Rhode Island Tribe Sets up Encampment on Brown University Land

The Pokanoket Nation says the land was illegally taken from them hundreds of years ago

Dozens of people, including members of a Native American tribe and their supporters, have set up an encampment on Brown University land, saying the land was illegally taken from them hundreds of years ago.

The Pokanoket Nation says the long-term encampment, started Sunday, is aimed at reclaiming its ancestral home in Bristol, which contains spiritually important sites. The Ivy League university says the land was donated decades ago and it has owned the legal title for more than 60 years.

Winds of Thunder, the tribe's sagamore, or chief of chiefs, called the land its "spiritual high grounds" and said it wants the land back because it was its principal village.

The tribe is not federally recognized, but its members say they are descended from the tribe that helped the pilgrims and its leader, Massasoit, as well as from his son, King Philip, who was killed on the land during King Philip's War, the bloody conflict between tribes and European settlers.

Tribe members said they are engaged in a peaceful protest on land that has been desecrated.

"Brown doesn't have a valid deed to this land," member Pete Straight Arrow said.

Tribe members and supporters have set up checkpoints at the access road to the 375-acre (152-hectare) parcel, which is located about half an hour's drive from the Brown campus in Providence. Brown houses an extensive archaeology collection and environmental lab there.

More than a dozen tents could be seen there on Monday, and the group had brought in firewood, food and water and set up toilet facilities.

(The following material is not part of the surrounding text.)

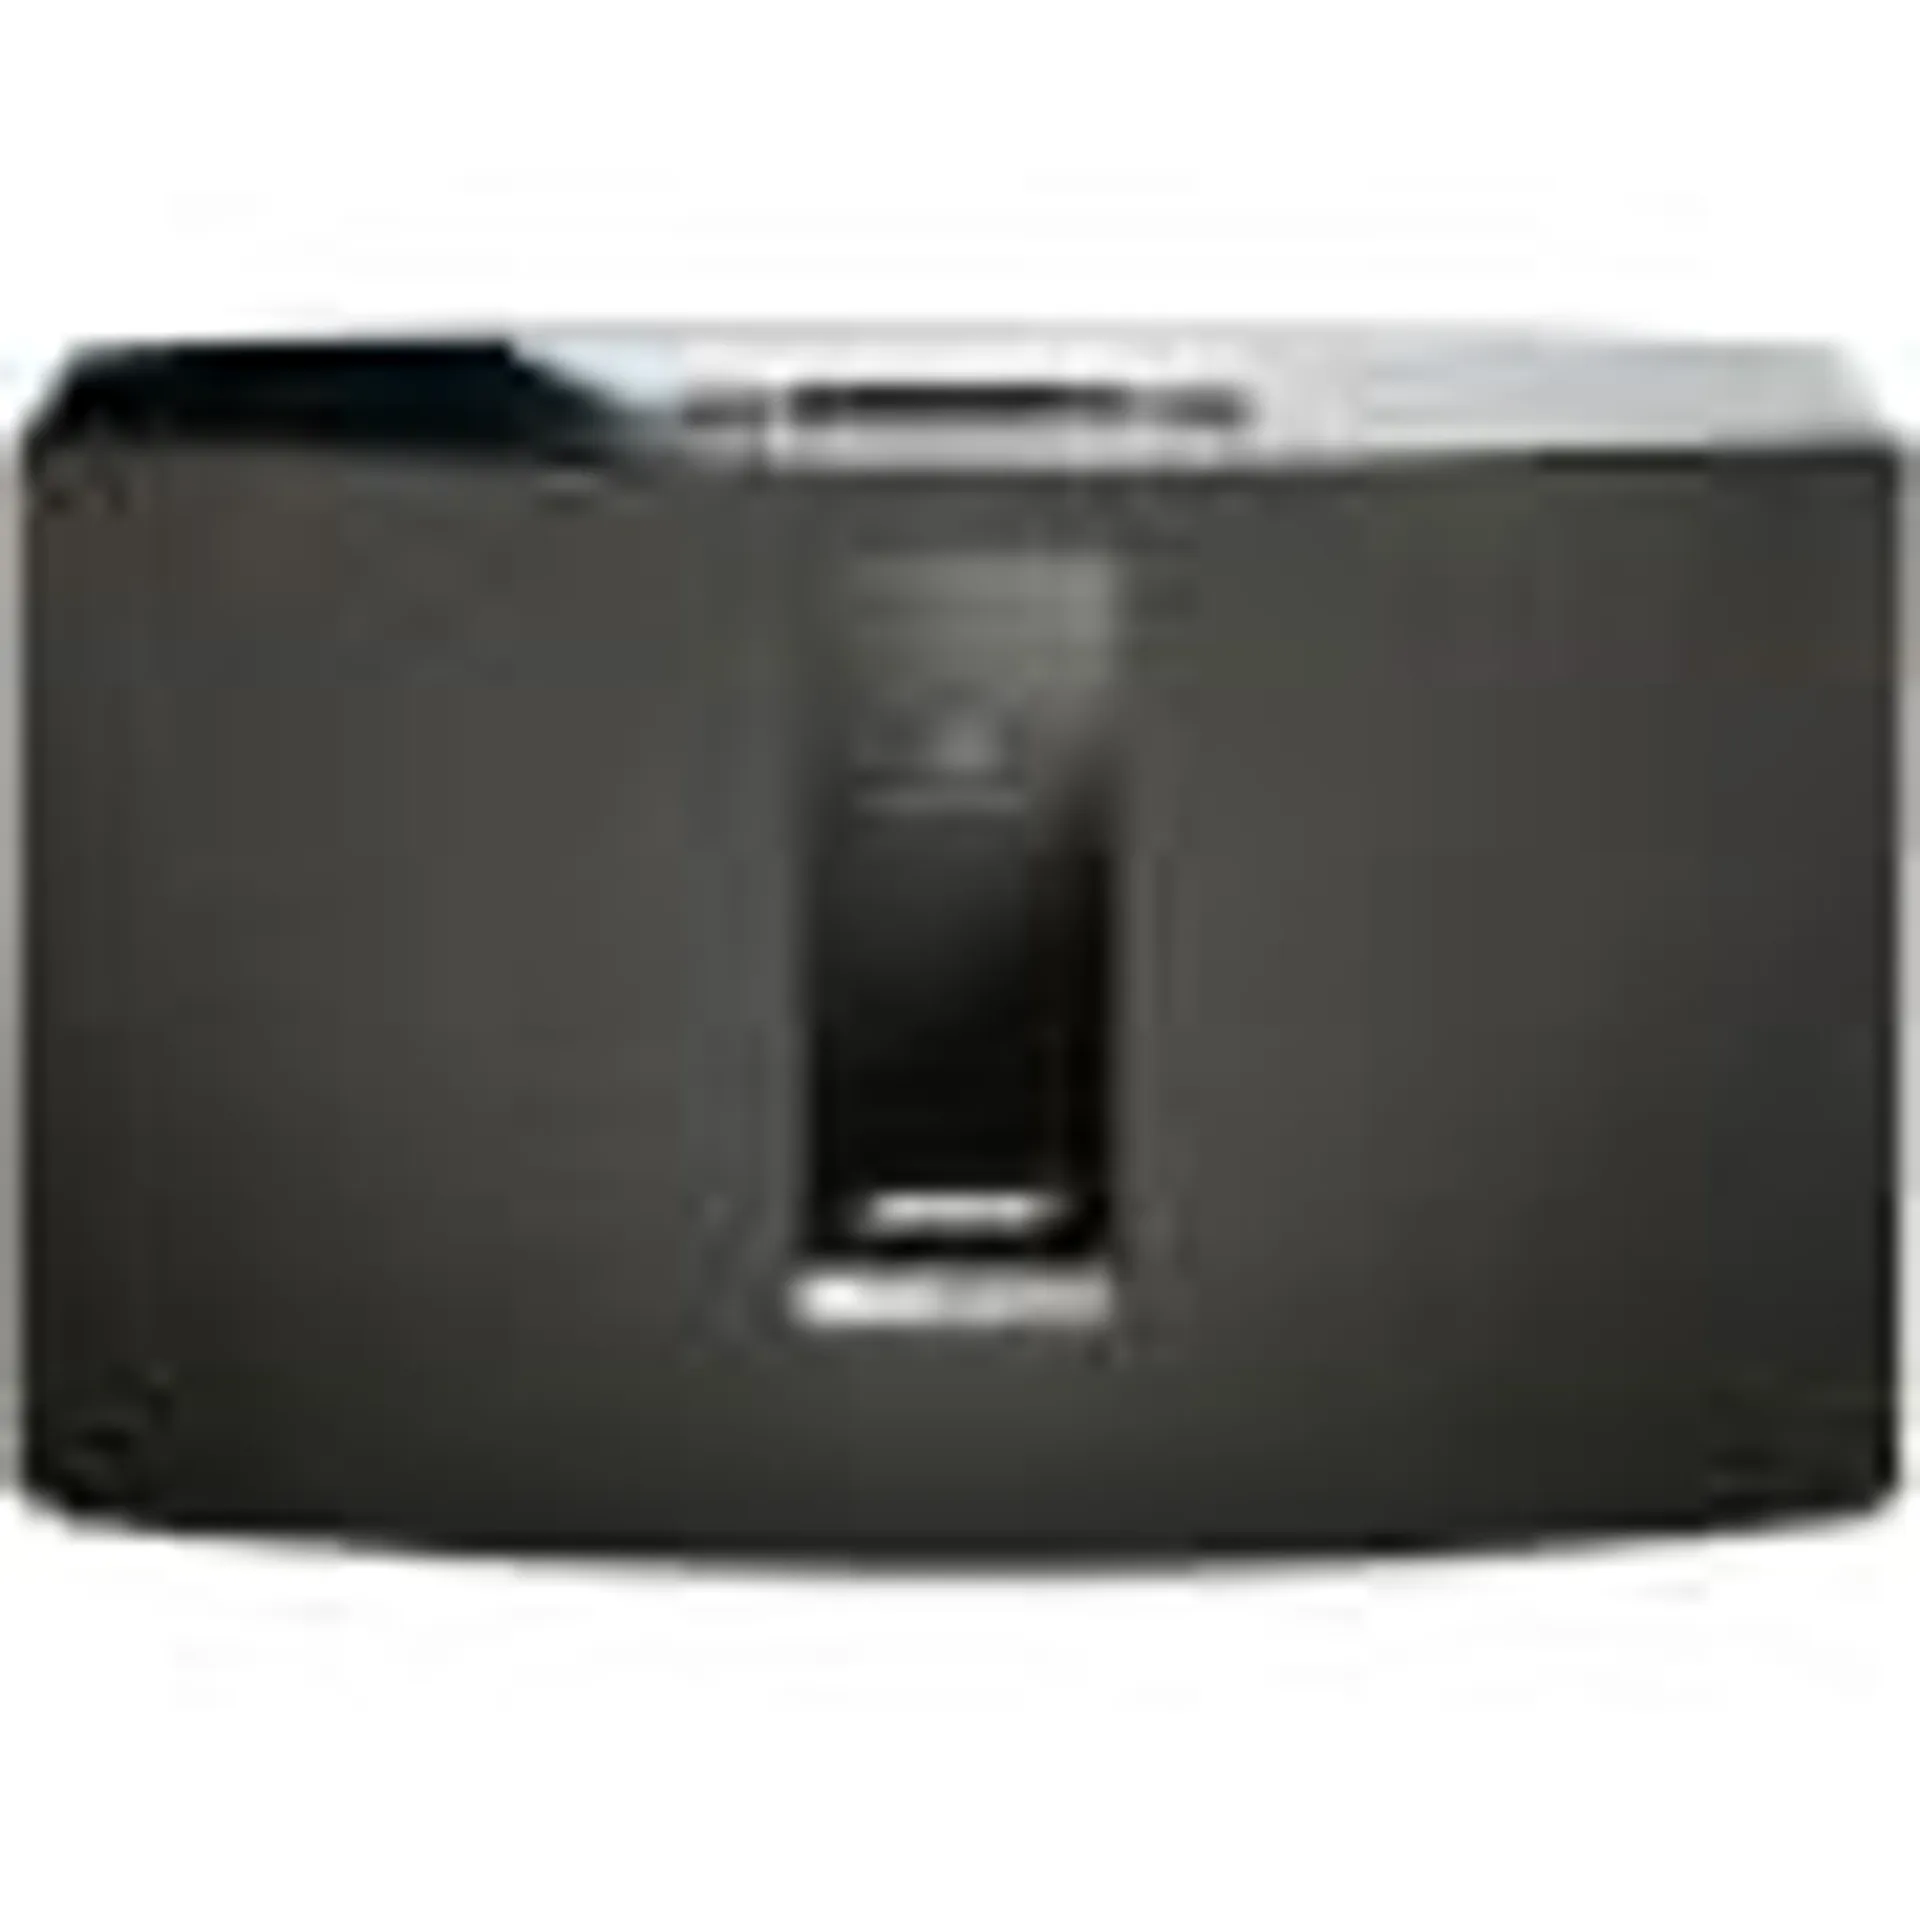 SoundTouch 20 Series III wireless music system​ - OPEN BOX

One child rode a bike through camp, while people in their 80s sat in shade under a tree and others built benches.

Brown issued a statement Sunday saying it upholds the right of people to assemble peaceably "provided that their actions do not infringe upon the rights of others."

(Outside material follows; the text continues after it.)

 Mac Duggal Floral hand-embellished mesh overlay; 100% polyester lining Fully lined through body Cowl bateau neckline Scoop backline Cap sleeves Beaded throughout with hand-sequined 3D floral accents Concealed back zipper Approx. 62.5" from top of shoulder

The university said the land had been donated in parcels over a period of years beginning in the 1950s and the ownership was legally transferred to it.

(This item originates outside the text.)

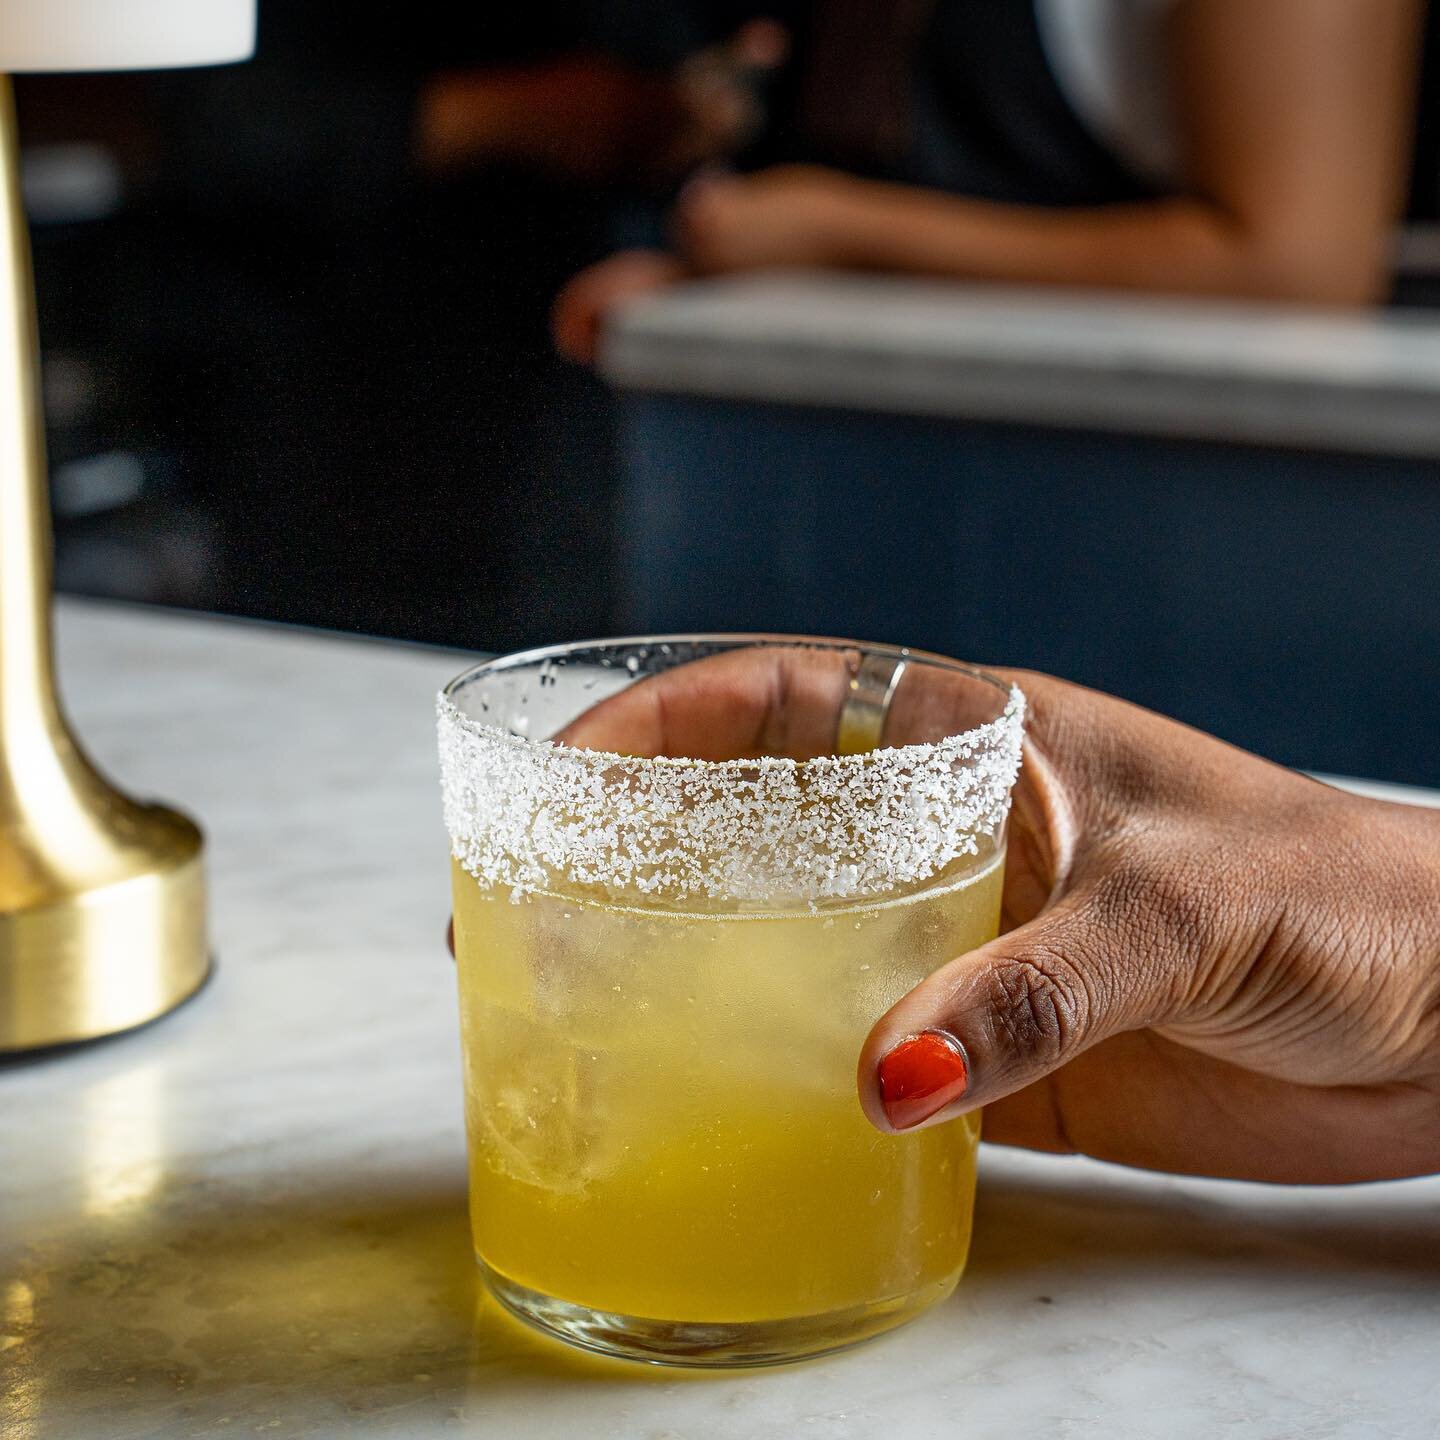 Like Spicy ? 🥵 Our ELDORADO is just the right heat with Reposado Tequila, Lemon, Suze, Fennel Honey, Espelette.

We are bringing the 🔥 starting tomorrow tomorrow at 5 pm 

📸: @heatherwillensky

"The university has been a positive steward of the land," it said.

The sagamore said the tribe had reached out to Brown over the years about the significance of the land and its ownership claim but the university had recently become unresponsive.

He said Bristol police were allowed through the checkpoint and a Brown University caretaker who lives on the land was being allowed to come and go but Brown University campus police who visited on Sunday were denied entry.

Brown spokeswoman Cass Cliatt did not immediately respond to a question about whether the campus police had been blocked but confirmed the tenants were able to come and go.

Bristol police did not immediately return a message seeking comment.